Latest revision as of 13:49, 2 June 2014

[edit] Stack Unwinding

[edit] HP unwinding information

Following HPUX, all proper PA-RISC Linux functions are generated with unwind information. The runtime documents (e.g. http://ftp.parisc-linux.org/docs/arch/pa-runtime-32-SOM.pdf) describes this in some detail.

Essentially, each binary contains an ELF section named .PARISC.unwind which contains unwind records for each function in an executable. The unwind record contains, amongst other things, the start and end addresses of a function, the size of the stack frame created when this function is called, and some flags which indicate the layout of the stack frame. Thus, to unwind regular functions, it is typically sufficient to consult the unwind record of the present function, and adjust the stack pointer and instruction pointer based on the information stored in the unwind record and the current stack frame.

[edit] DWARF2 Unwinding

The HP unwinding infrastructure is used by gdb as the main unwinding method; however, the PA-RISC linux toolchain also supports dwarf2 unwinding. Recent versions of gcc can generate dwarf2 records for exception handling. This is used by various languages (e.g. C++, java) to unwind the stack when an exception happens. (TODO: explain the dwarf2 unwinding mechanism here).

[edit] Signal Frame Unwinding

Some applications also need to be able to unwind through a signal frame. As is the case for several other architectures, this is done in a rather ad-hoc way by examining fixed locations in the stack. The kernel lays down a specific signal frame when a signal handler is called. The signal frame contains the values of all the registers that were saved when the signal was triggered. By decoding the signal frame, it is possible to determine which function was being called when the signal was delivered.

In order to determine if one is currently in a signal frame, the instructions pointed to by the return pointer of the signal handler can be examined. With a 2.4 kernel, the return pointer should point directly at the signal trampoline, which is 4 words in length.

In 2.6 kernels there are two trampolines, one for restartable syscalls and the other for signals. The signal trampoline is still 4 words in length, and the return pointer points at the 5th word in the trampoline structure. (Early versions of the 2.6 kernel had a bug where the rp would point to the 4th word, this was fixed in 2.6.5-rc2-pa4).

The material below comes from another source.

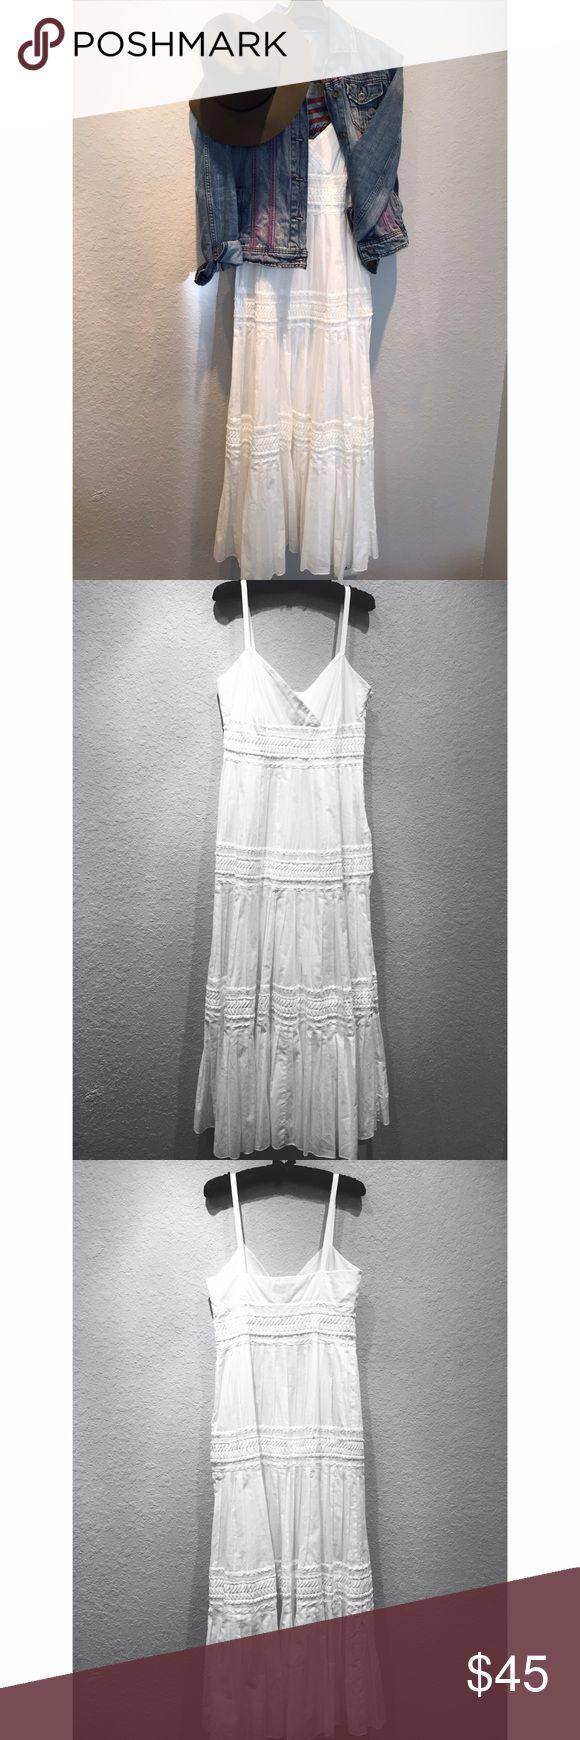 Ralph Lauren Cotton Maxi Dress Ralph Lauren White Cotton Maxi Dress with bohemian details. Ralph Lauren Dresses Maxi
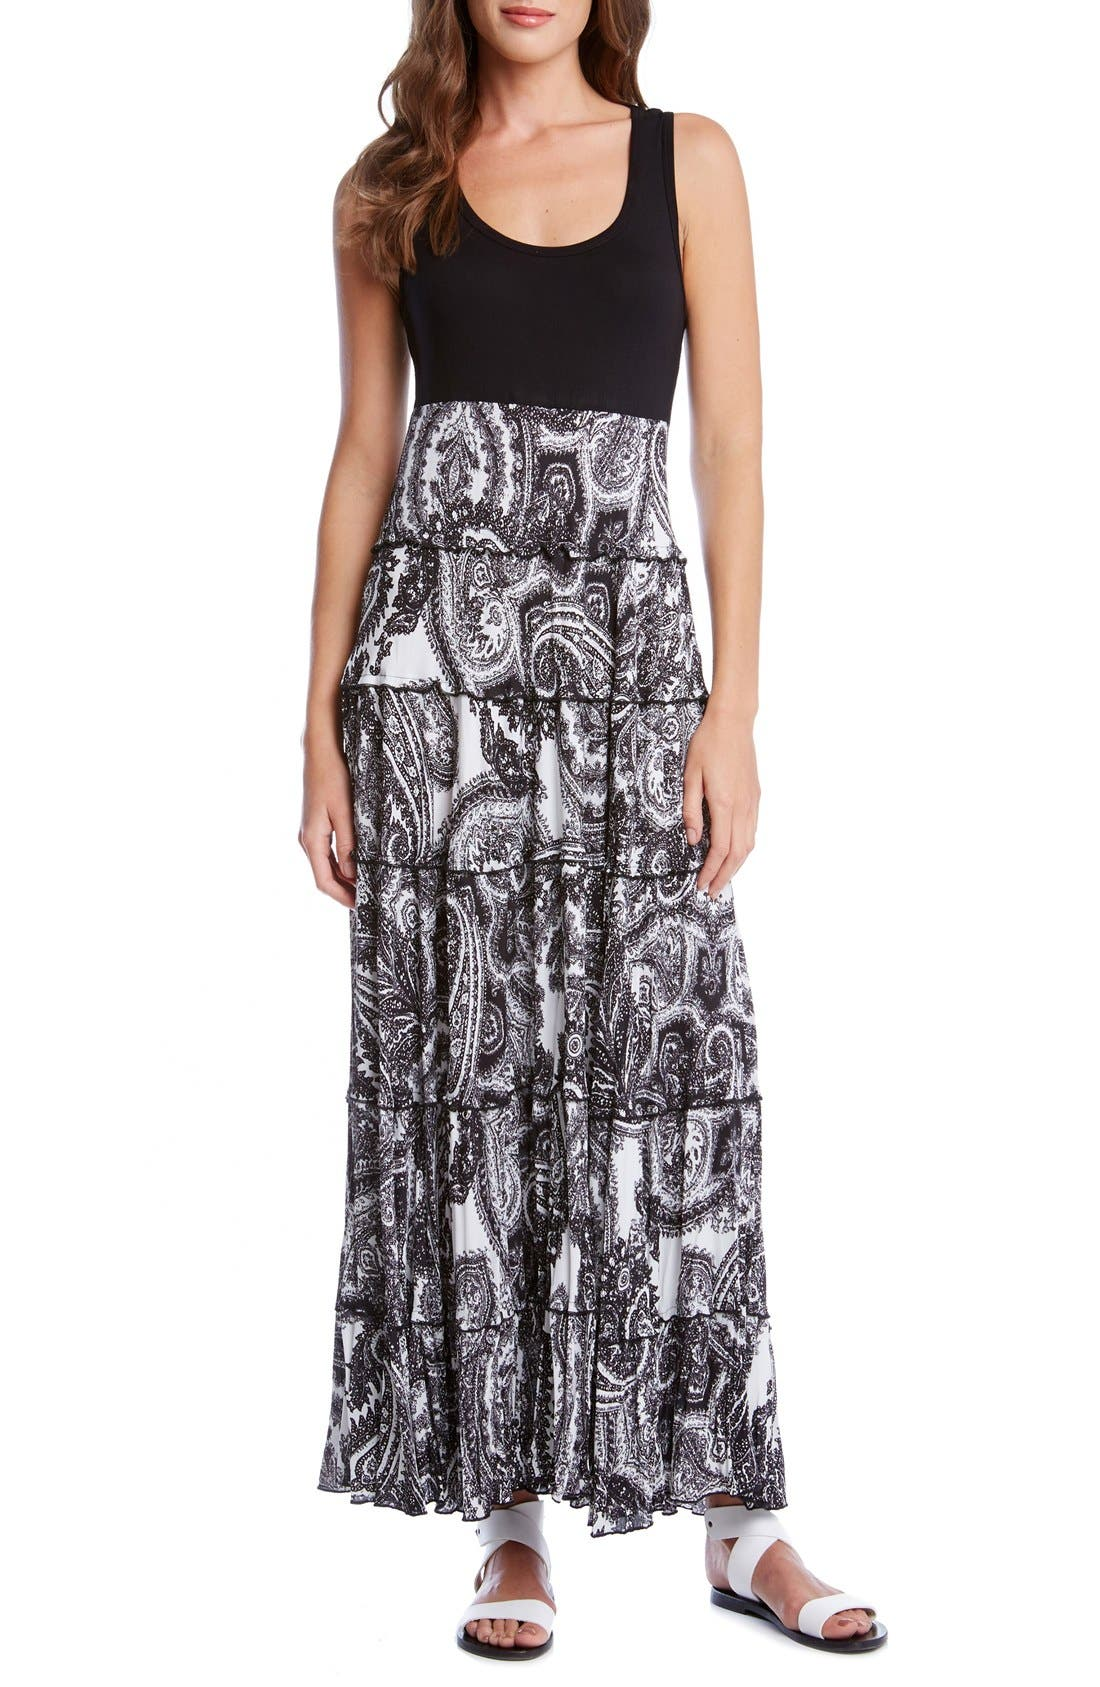 Alternate Image 1 Selected - Karen Kane Paisley Print Mixed Media Tiered Maxi Dress

The signal return trampoline contains the following instructions:

       3419000x ldi 0, %r25 or ldi 1, %r25   (x = 0 or 2)
       3414015a ldi __NR_rt_sigreturn, %r20
       e4008200 be,l 0x100(%sr2, %r0), %sr0, %r31
       08000240 nop
 

Some good references of how to do signal frame unwinding can be found in the gcc source code (gcc/config/pa/pa32-linux.h) and in the gdb source code (hppa-linux-tdep.c)

[edit] Virtual Dynamic Shared Objects (vDSO) and signal frame unwinding

There is recent development of a patch that has the kernel generating a DSO in memory and mapping this into every process space. The DSO is added to the glibc search path, has unwind information, and provides entry points for all types of trampolines. Thus gdb need not have any special case handling code for unwinding. The return pointer in the signal handler will point to a virtual DSO instead of the stack, and gdb will use the stored DWARF2 or PARISC.unwind information.

This is highly experimental as of February 2005. The vDSO is also able to provide optimized function calls that can override glibc functions. This is particularly useful for cpu specific gettimeofday or locking primitives.